- _What needs to be done_
Transcribe every line of the material below exactly, leaving out the pictures.

- _Material provided_
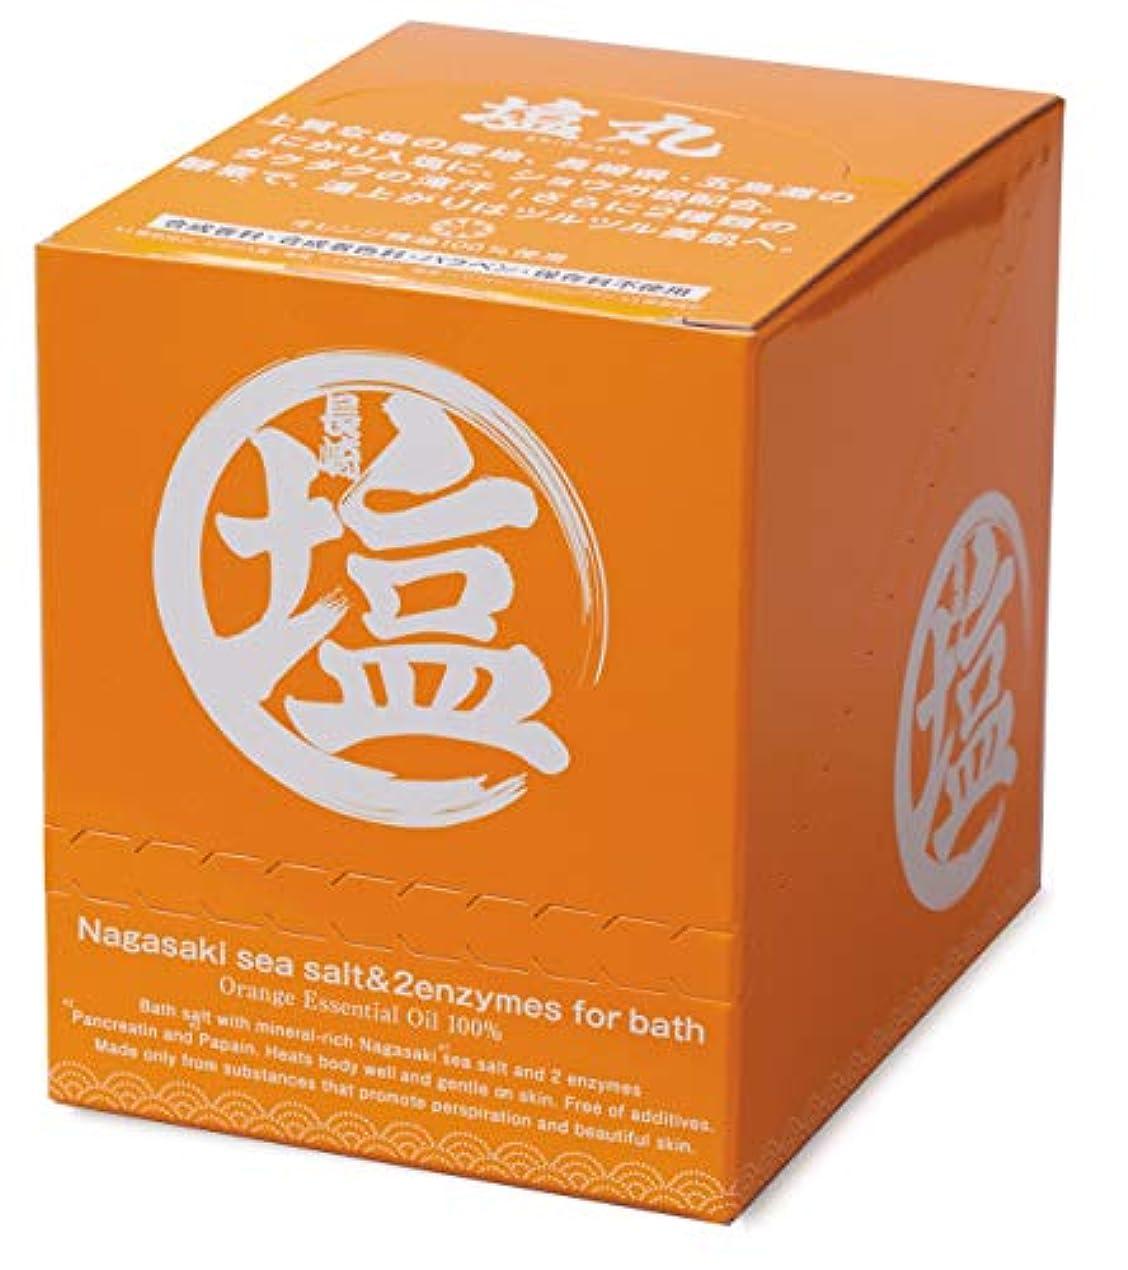 悲惨方法論見捨てられた(塩丸)長崎産にがり入海塩入浴剤(40g×12包入)オレンジ精油/合成香料?合成着色料?保存料不使用
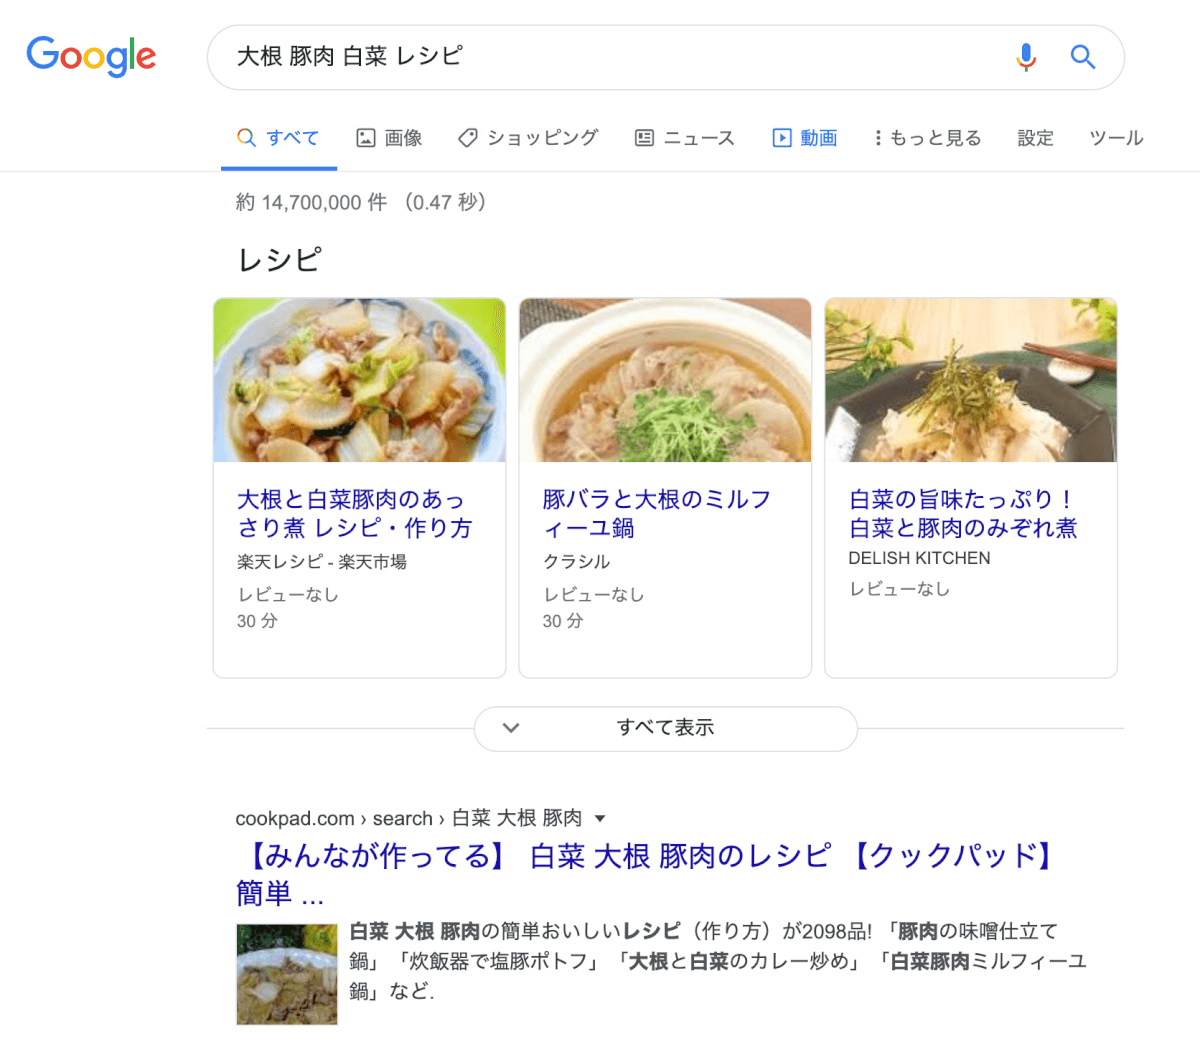 「大根 豚肉 白菜 レシピ」の検索結果
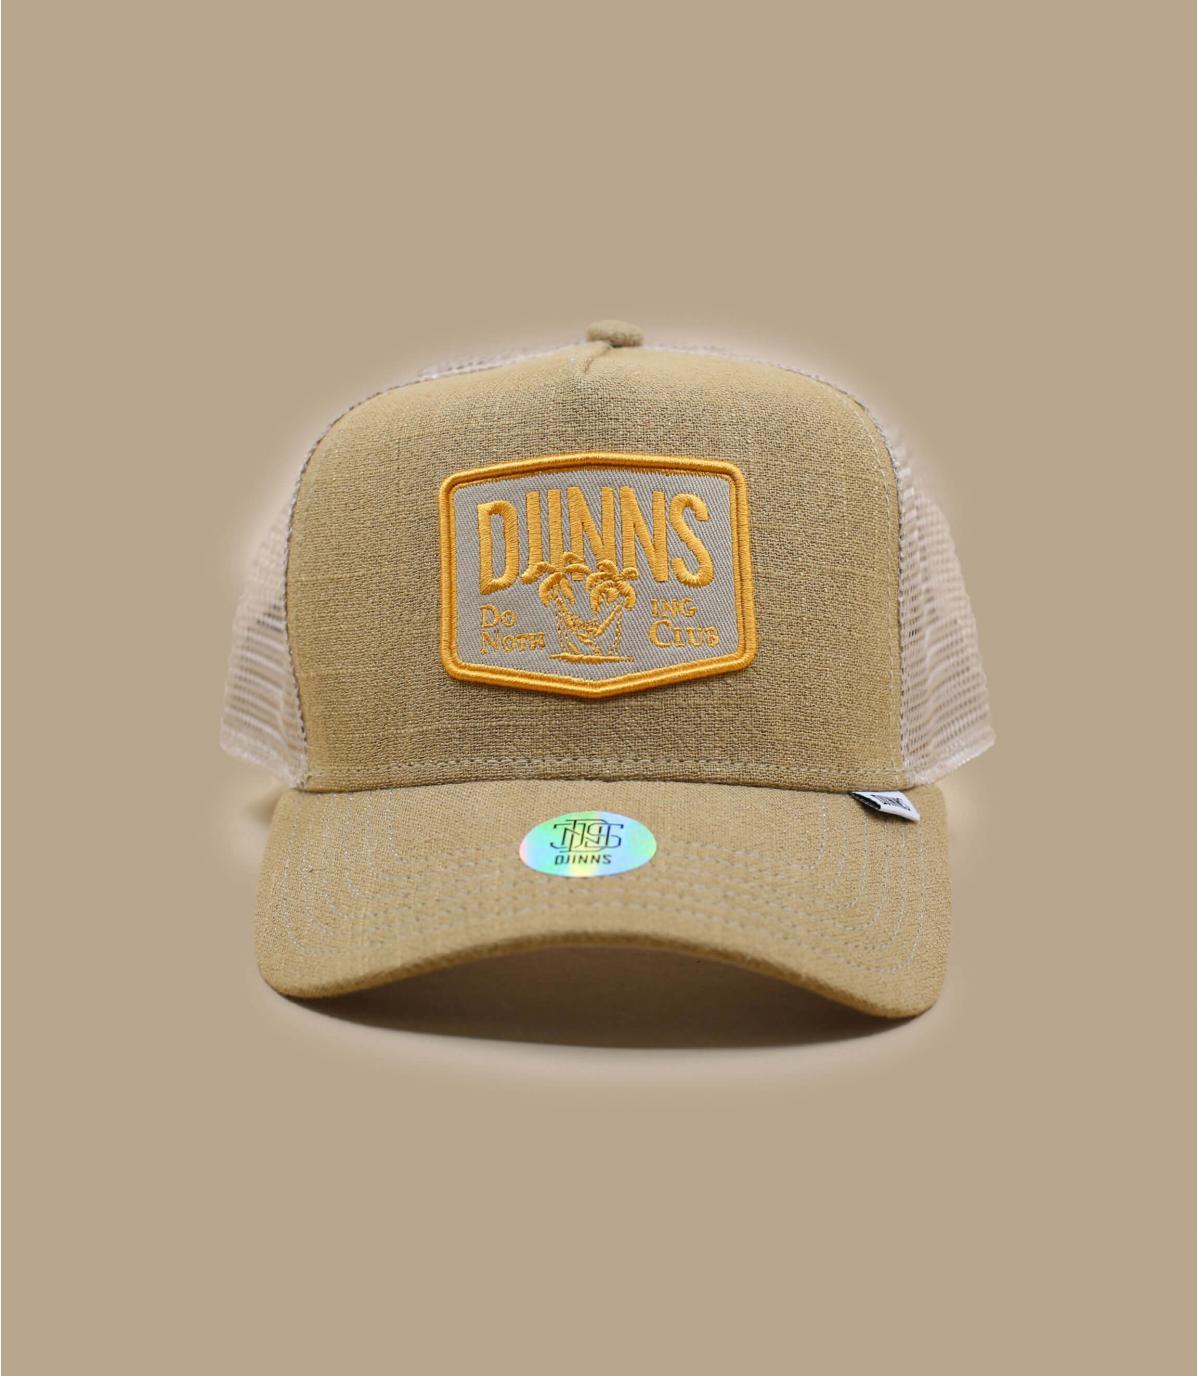 casquette Djinns beige palmier

- _Written answer_
 悲惨方法論見捨てられた(塩丸)長崎産にがり入海塩入浴剤(40g×12包入)オレンジ精油/合成香料?合成着色料?保存料不使用
 「大根 豚肉 白菜 レシピ」の検索結果
 casquette Djinns beige palmier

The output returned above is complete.